Conceptually, Compact does three things:

  1. Compact the head into new blocks, in time windows derived from chunkRange, waiting for any overlapping appenders to finish.
  2. Truncate the WAL to the maximum time we know has been safely persisted as blocks, tracking that via lastBlockMaxt and a defer.
  3. Compact out-of-order data and older blocks via compactOOOHead and compactBlocks, which handle different invariants.

Out-of-order samples and mmap safety

Prometheus supports out-of-order (OOO) ingestion via a separate WAL (WBL) and an OOOCompactionHead. That introduces a subtle requirement: queries must not observe chunks that are about to be garbage-collected while still mmap’d.

DB enforces this with a shared reference:

  • lastGarbageCollectedMmapRef (under mtx) tracks the last safe mmap ref up to which old chunks have been reclaimed.
  • The OOO head exposes a minimum safe reference and the last WBL file for compaction to respect.
  • When building an OOO-aware querier, head.oooIso.TrackReadAfter(lastGarbageCollectedMmapRef) ensures we don’t hand out readers pointing into freed memory.

Compaction and querying coordinate through that single monotonic reference, which is a simple but powerful way to keep cross-cutting safety constraints under control.

Retention: time and size without data loss

Compaction creates new blocks; retention decides when to remove old ones. Deleting the wrong block is catastrophic, so retention logic is conservative and explicit.

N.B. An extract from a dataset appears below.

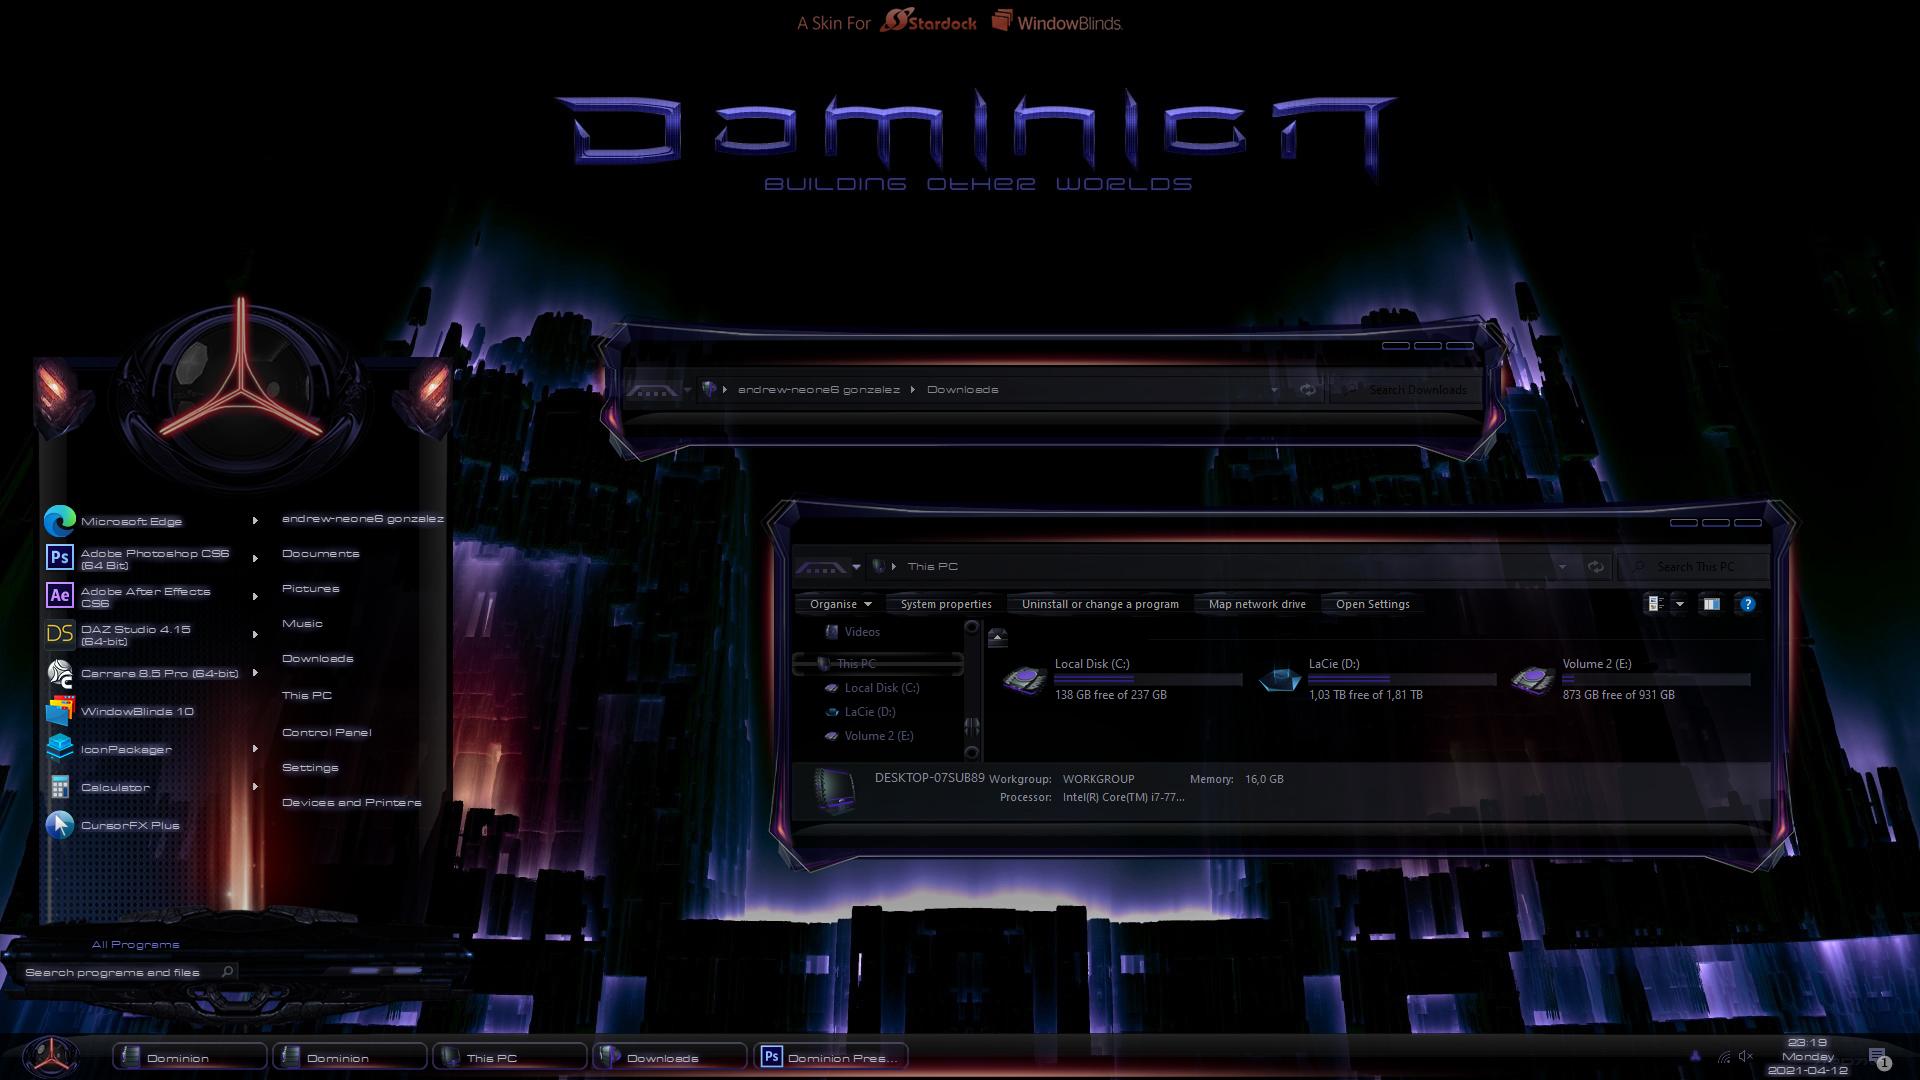 Dominion Presentation

Time-based retention is implemented in BeyondTimeRetention:

// BeyondTimeRetention returns those blocks which are beyond the time retention.
func BeyondTimeRetention(db *DB, blocks []*Block) (deletable map[ulid.ULID]struct{}) {
    retentionDuration := db.getRetentionDuration()
    if len(blocks) == 0 || retentionDuration == 0 {
        return deletable
    }

    deletable = make(map[ulid.ULID]struct{})
    for i, block := range blocks {
        if i > 0 && blocks[0].Meta().MaxTime-block.Meta().MaxTime >= retentionDuration {
            for _, b := range blocks[i:] {
                deletable[b.meta.ULID] = struct{}{}
            }
            db.metrics.timeRetentionCount.Inc()
            break
        }
    }
    return deletable
}

In words:

  • Assume blocks[0] is the newest by MaxTime.
  • Scan until a block whose MaxTime is at least retentionDuration older than the newest.
  • Everything strictly older than that boundary is safe to delete.

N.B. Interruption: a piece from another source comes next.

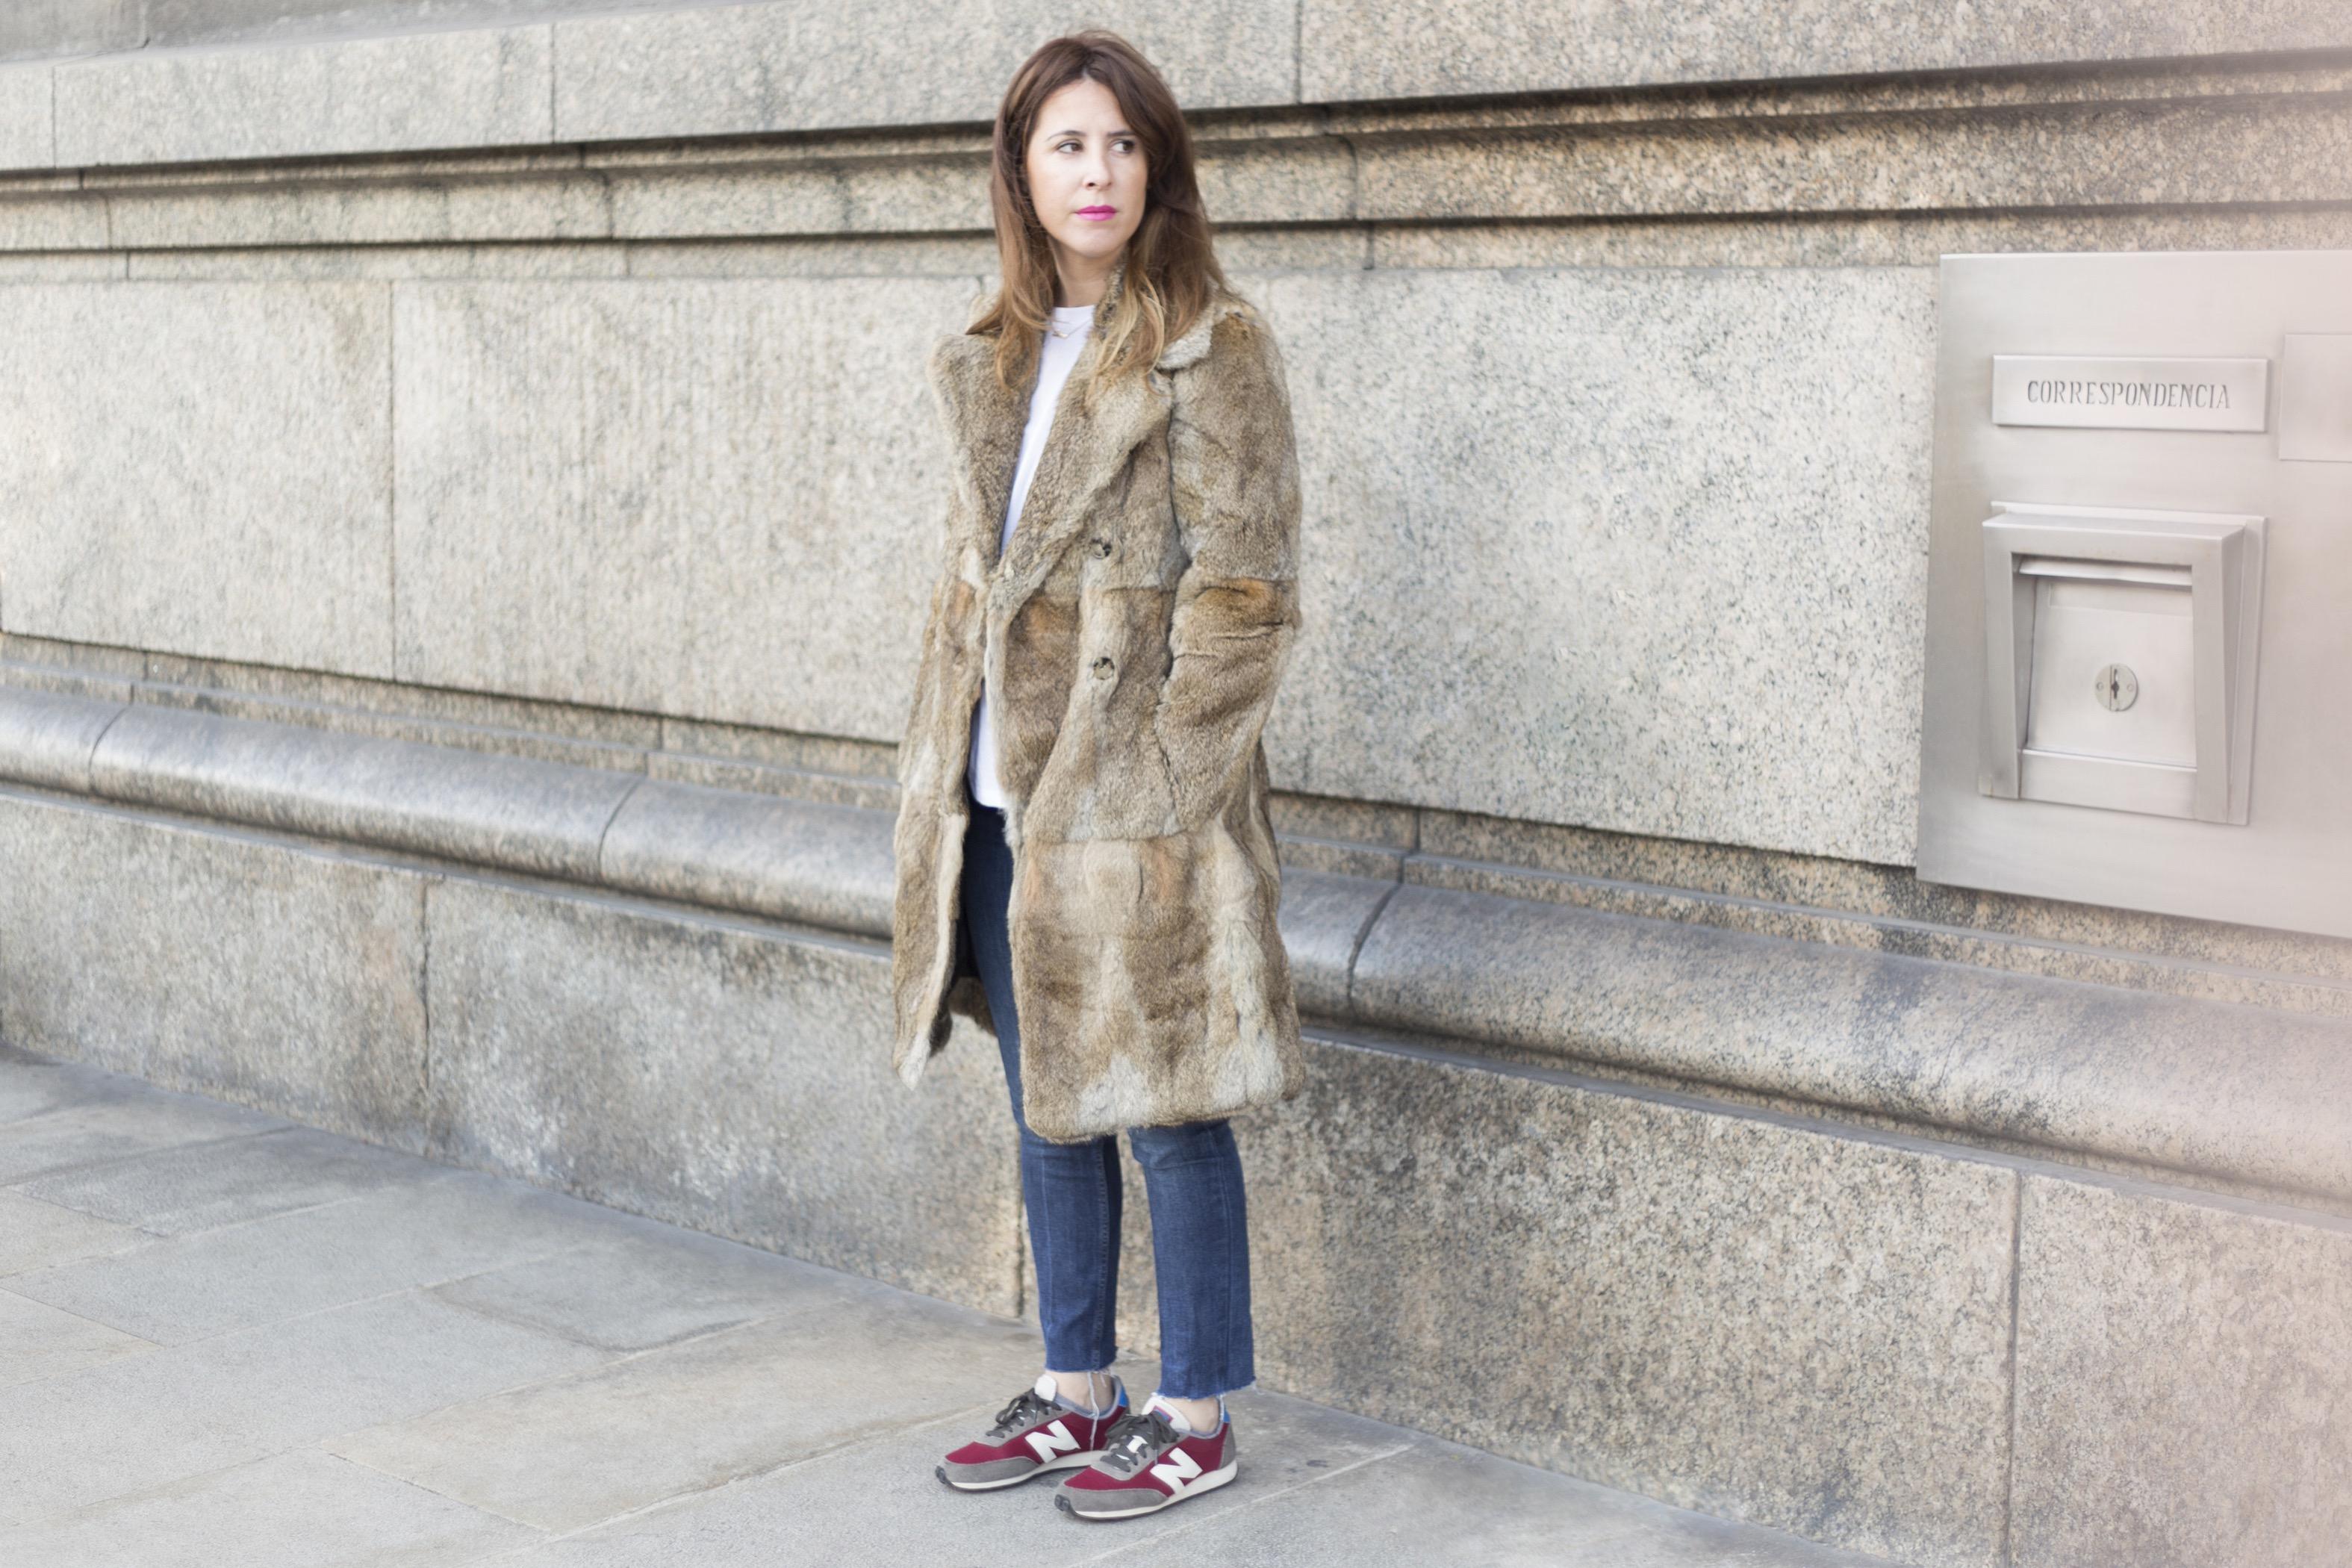 moda-calle-fashion-fur-merry-coat-SANDRO-street-style-coruña-descalzaporelparque

Size-based retention layers on top and includes the head/WAL footprint:

// BeyondSizeRetention returns those blocks which are beyond the size retention.
func BeyondSizeRetention(db *DB, blocks []*Block) (deletable map[ulid.ULID]struct{}) {
    if len(blocks) == 0 {
        return deletable
    }

    maxBytes, maxPercentage := db.getRetentionSettings()

    if maxPercentage > 0 {
        diskSize := db.fsSizeFunc(db.dir)
        if diskSize <= 0 {
            db.logger.Warn("Unable to retrieve filesystem size...", "dir", db.dir)
        } else {
            maxBytes = int64(float64(diskSize) * maxPercentage / 100)
        }
    }

    if maxBytes <= 0 {
        return deletable
    }

    deletable = make(map[ulid.ULID]struct{})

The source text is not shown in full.